HH Certainly there are a lot of other options, in particular there’s a lot of interesting research going on around blue carbon which is sources of – or sinks for carbon that are based in the ocean. So, seagrasses, kelp forests, mangroves, those are harder to monitor frankly. It’s very difficult to monitor mangroves because a lot of the carbon that’s captured is underwater. So, from a remote sensing perspective we can’t see it in the satellite image. We can’t really get a lidar return on it. It’s very difficult to monitor. So, trees offer, first of all they’re great at storing carbon. They’re just a stellar version. They also offer a relative amount of permanence. So, when we’re saying, “We want to offtake carbon.” We don’t want to offtake it for five minutes and spit it back out again. That’s not providing a tangible kind of benefit. We want this carbon to be stored for preferably a really long time. And if you think about the lifespan of some of these organisms, there are trees that have been around for 1,000 years in the Americas which is incredible. So that carbon is being captured and embodied for a very long time in comparison to shrubs for example which don’t last that long.

PD And how do you use satellite imagery for this?

HH So we use satellite imagery in combination with a couple of other data sources, mostly lidar to estimate the amount of biomass in a given area. The idea being that if we can estimate biomass at several different points in time we can see how the biomass and therefore the captured carbon has changed and we can use that to evaluate the validity of these clients. So, in general that’s using a lot of multispectral imagery, things like Landsat, or imagery from private satellite constellations to train neural networks to estimate the amount of biomass available. And that requires a lot of training data from what are called field plots which are these field estimates of people who have gone in with tape measures and measured trees and figured out the amount of carbon that way which is a difficult and important dataset. Field plots are the gold standard estimate of how much biomass and therefore how much embodied carbon is stored by an area of forest. And a field plot is a forestry inventory that needs to be taken on the ground by teams that go in and measure the diameter of a tree, [10:44] the height of a tree and other forestry characteristics. And then use that to estimate the amount of carbon stored in the trees in that area. So that’s sort of the core training dataset that we use in combination with remote sense imagery and then also lidar to develop these models.

00:11:05

PD And what are these neural networks trained to predict?

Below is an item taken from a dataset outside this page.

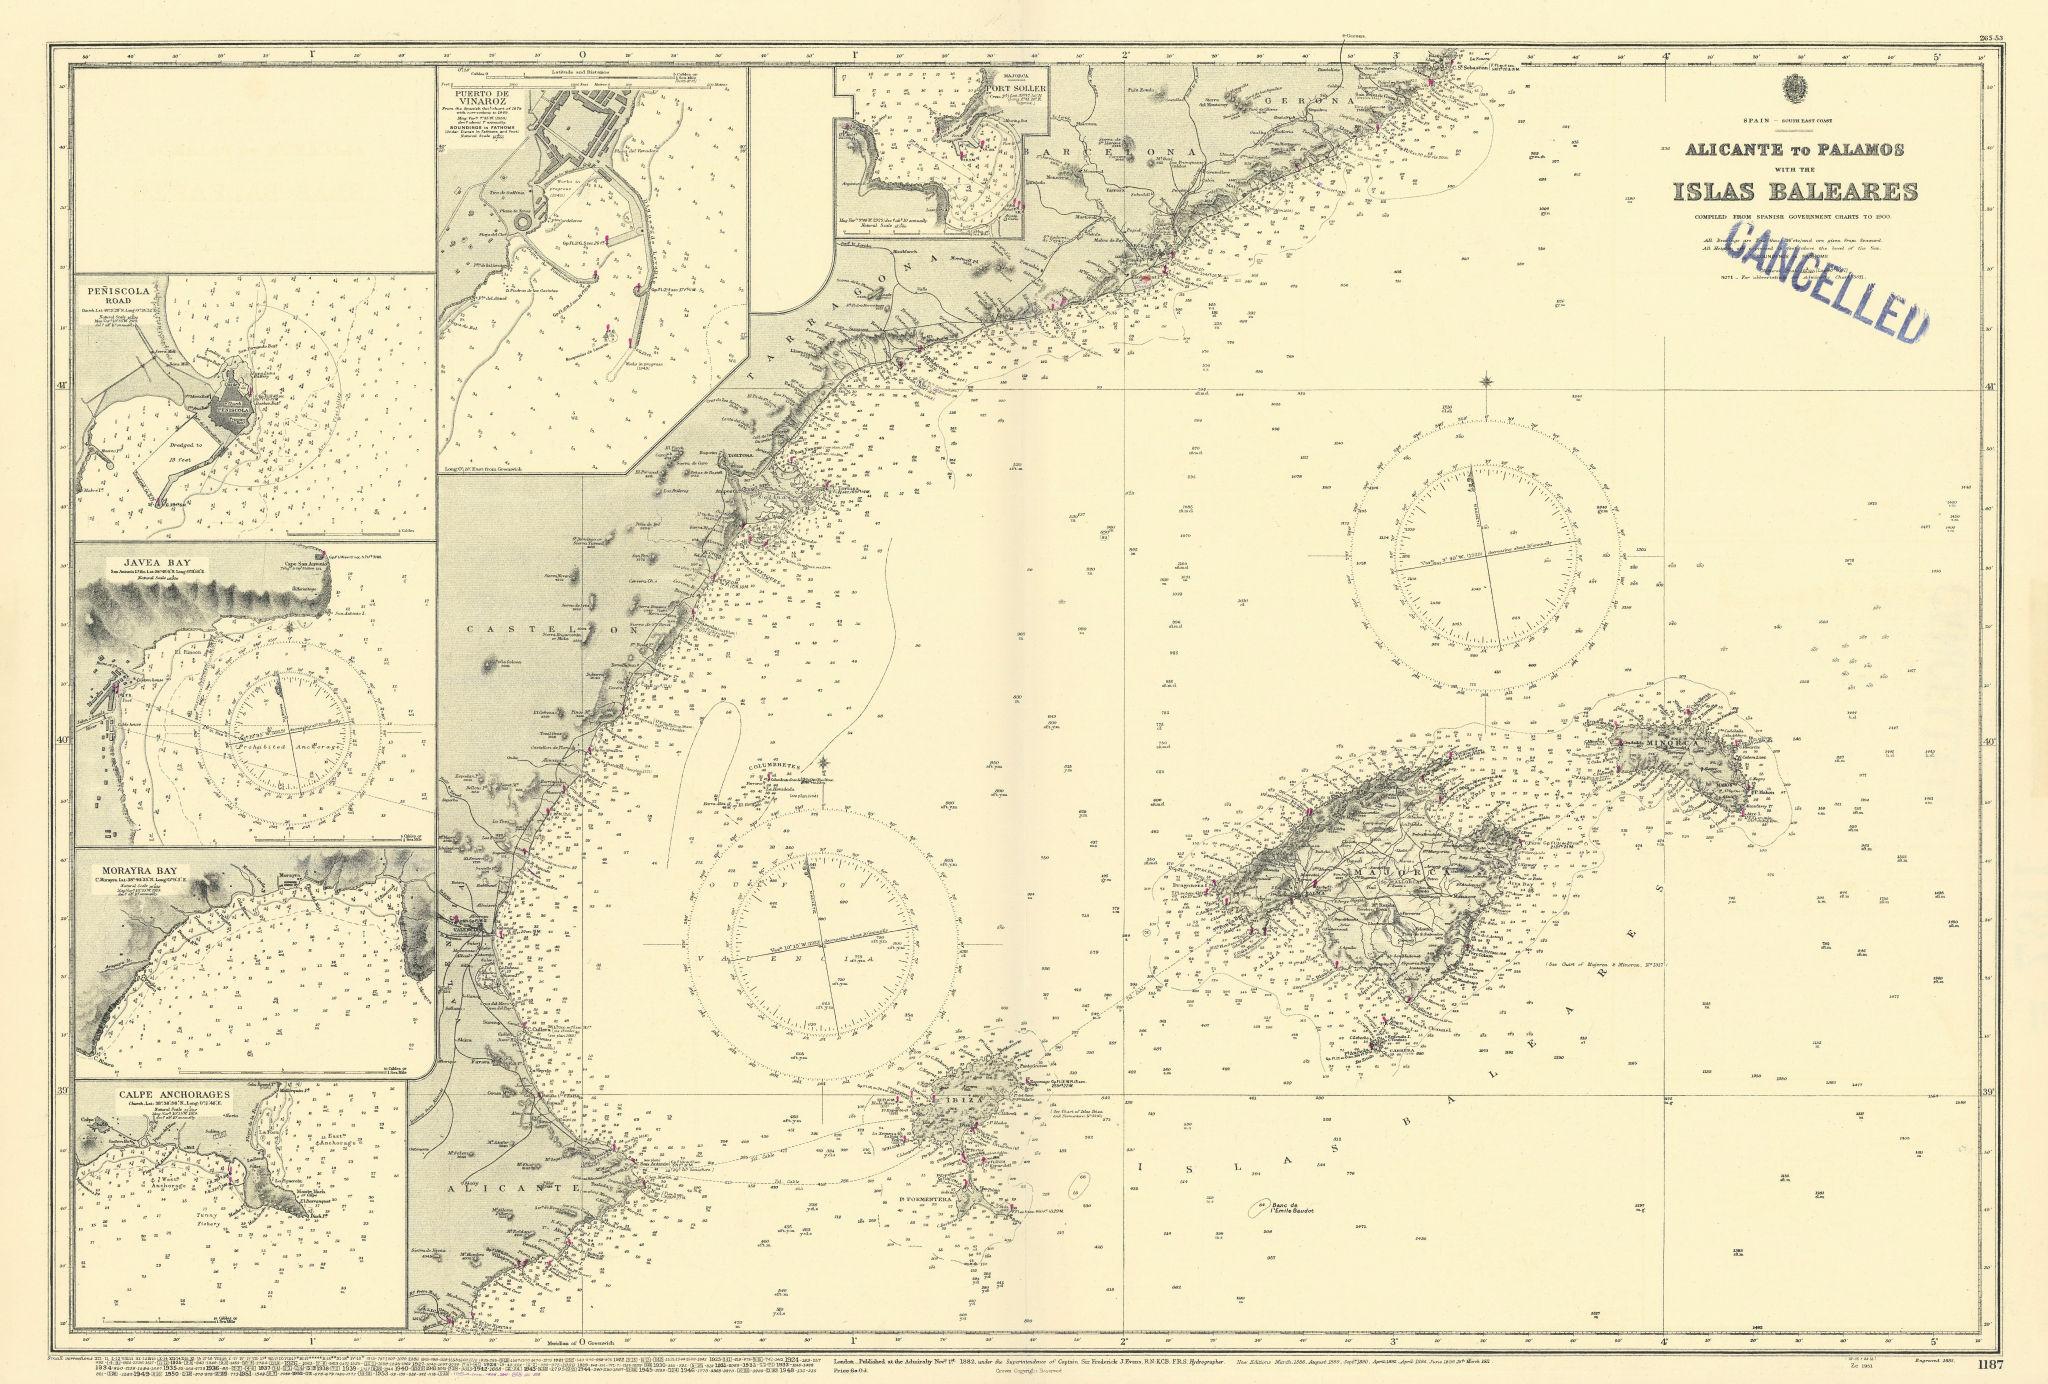 Balearics Catalunya Valencia coast ports ADMIRALTY sea chart 1882 (1955) map

HH A lot of this work is still being developed. So, in some cases we’re training it to estimate canopy height. So, if we can estimate canopy height that can be a useful proxy for biomass. In some cases, we have tried to estimate biomass directly. So, there are a lot of different components to understand these models. And sometimes canopy height can be an input into a larger model. So maybe we try and extract canopy height from imagery and then use some of the hyperspectral bands that get us into chlorophyll for example to sense how green something is and use that as a proxy for how much vegetation there is. So a lot of different things that we’re trying to train for.

PD So if I understand that correctly, so the foliage plays a major role in storing the carbon [11:52], it’s not the roots or something?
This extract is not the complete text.